Jesus was a storyteller, whose repertoire included the very effective use of parables, stories about the ordinary, which draw extraordinary illustrations meant to evoke contemplation and transformation.
Through parables, Jesus paints visual pictures of how God connects with us in the ordinary, how heaven's way could play out in earthly situations.
The parable of "The Good Samaritan" (Matthew 10:25-37) is a good example of Jesus' parables. But we need some background information to get the full meaning Jesus imparts.
To begin, Jesus' original audience would have identified with the Jewish victim, not the Good Samaritan. Samaritans were hated and loathed in First-Century Palestine. Also the priest and Levite would have been snickered at, as bureaucrats of Rome's temple elite government.
To get the impact of how this original context alters the story, consider this "updated" version of the story about a FEMA official; a politician; someone we loath; and a Palm Bay man in trouble:
A Palm Bay man was trapped in a hurricane surge, nearly drowned, he lay half-dead on a street. A FEMA official happened by, and when he saw the man, he passed by on the other side. So, too, a politician surveying the damage saw the man and passed by on the other side. But a member of the Taliban hiding in the area happened by; when he saw the man he was moved with pity. He went to him and bandaged his wounds, having poured medicine on them. Then he put him in the back of his van, brought him to a hotel room and took care of him. The next day he left, paying for the room and asking the hotel manager to take care of the man out of his own debit card.
Wow! That's a far cry from the sweet-neighbor-doing-a-good deed example that we usually take away from the story.
After the FEMA official and politician walk by, the ordinary progression we'd expect is a known rescuer type to appear, a familiar hero, maybe Bruce Willis or Tom Cruise passing by. But something extraordinary happens instead. A Taliban member (a Good Samaritan?), a hated and loathed person, shows up. Our hope for rescue (in the injured man's shoes) is replaced by anxiousness and confusion.
As we listen, the story is not going as expected. We have no clue as to the outcome.
Indeed, we fear that this Taliban fellow will stop as we lay there helpless - he is dangerous. And when he does stop, we worry for our health. And then when he moves in to help, we worry even more (Is he looking for a wallet? What's in the bottles? Will he run us over? Is he going to booby-trap, kill or maim us?) Then when he helps, gives us hospitality and pays for it, we worry for our reputation and what law enforcement officials and Homeland Security will think about us. It's a topsy-turvy tale.
This story, understood in this radical parabolic way, makes us think way outside the box. It's a mind-bending experience. So many questions are evoked. What does Jesus mean by having the hated rescue us? Where are the boundaries of compassion? Why do we feel guilty for thinking ill of a Taliban member or the Taliban in general? How is this the Empire of God?
How would we feel if we could not stop someone loathsome and hated from helping? Would we rather be dead than have his help?
Would we help a Taliban member laying on the street? Would we take the risk? Would we pay for his care?
In light of this story, how would we stack up against the hated person in the story? Could someone the cultural considers loathsome really be more humane than us? Are the loathsome supposed to be loved and allowed to love us?

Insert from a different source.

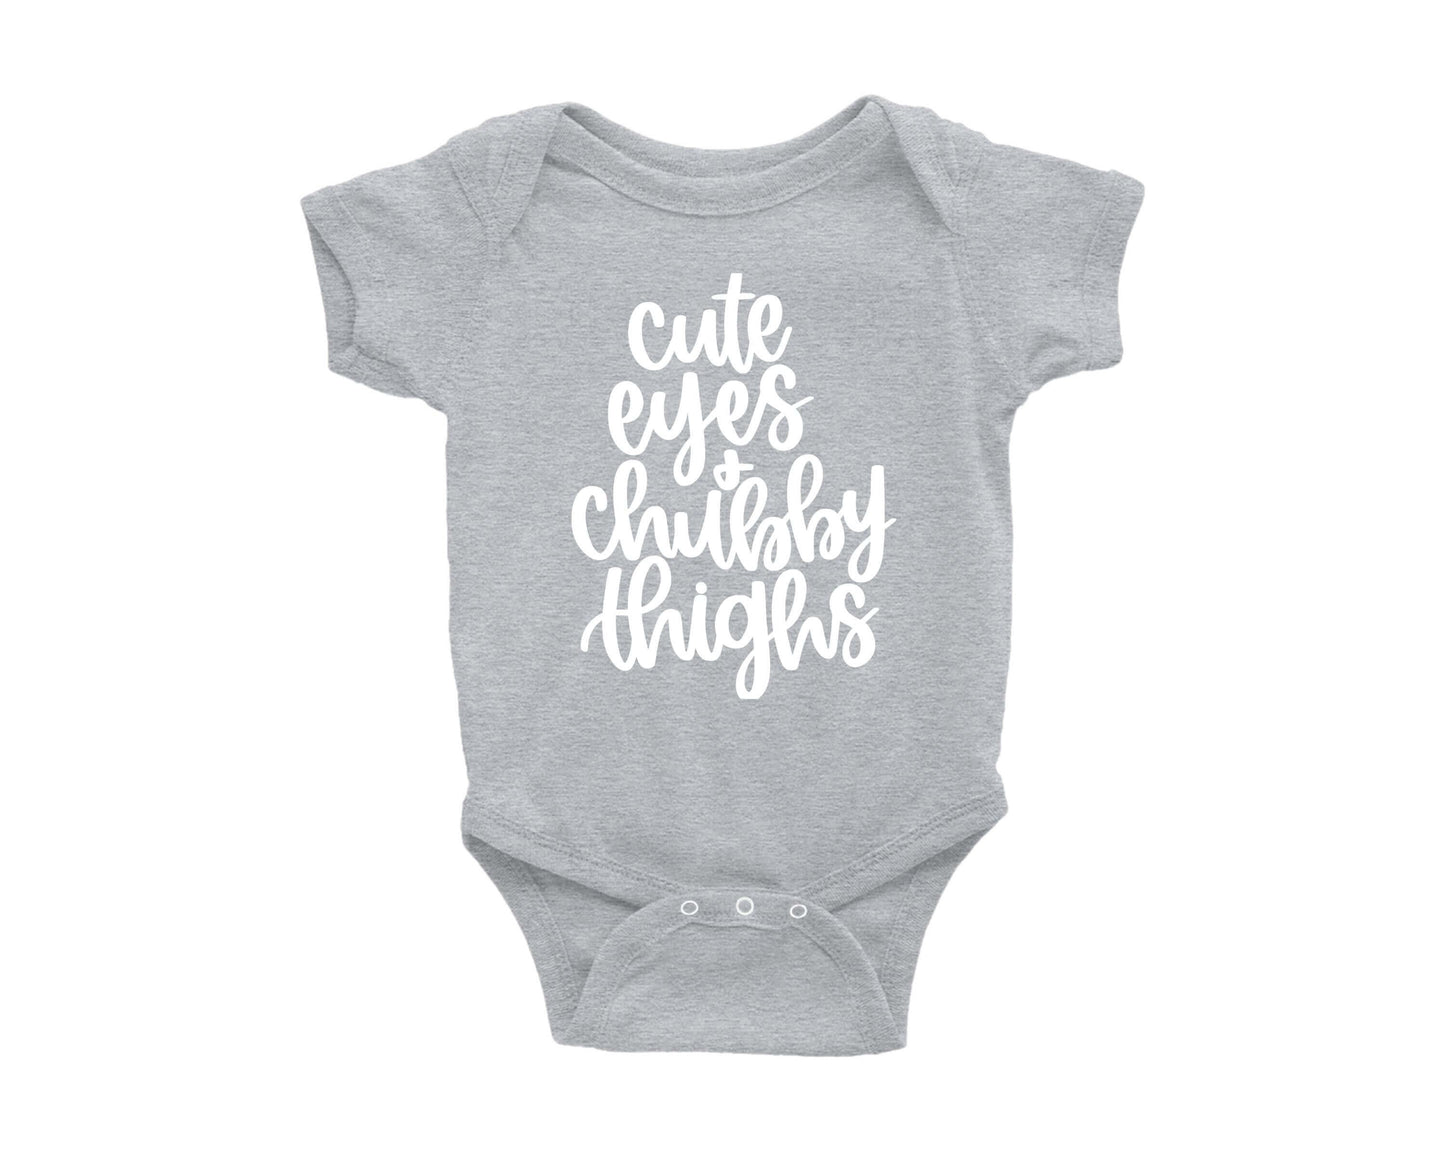 Cute Eyes and Chubby Thighs Onesie - Crystal Rose Design Co.

Jesus' story in this light offers a new world view. It's a parable drawn from common life that arrests us by its strangeness, moves our mind to sufficient doubt about its application and leaves us wrestling about what it illustrates.
Can God actually be experienced through acts of compassion by someone we loathe and hate? ... And vice versa? That's sure not our earthly experience or expectation.
But, wait a second, Jesus left us - and still gives to us - peace that is not of this world. Jesus calls us to be good neighbors, radically good neighbors, loving neighbors. Are we to be so radical we love even those we are supposed to hate?
Like it or not, that sure sounds like the Gospel to me.
Author's Note: The ideas in this column were inspired by Steve Patterson's wonderful book, "The God of Jesus."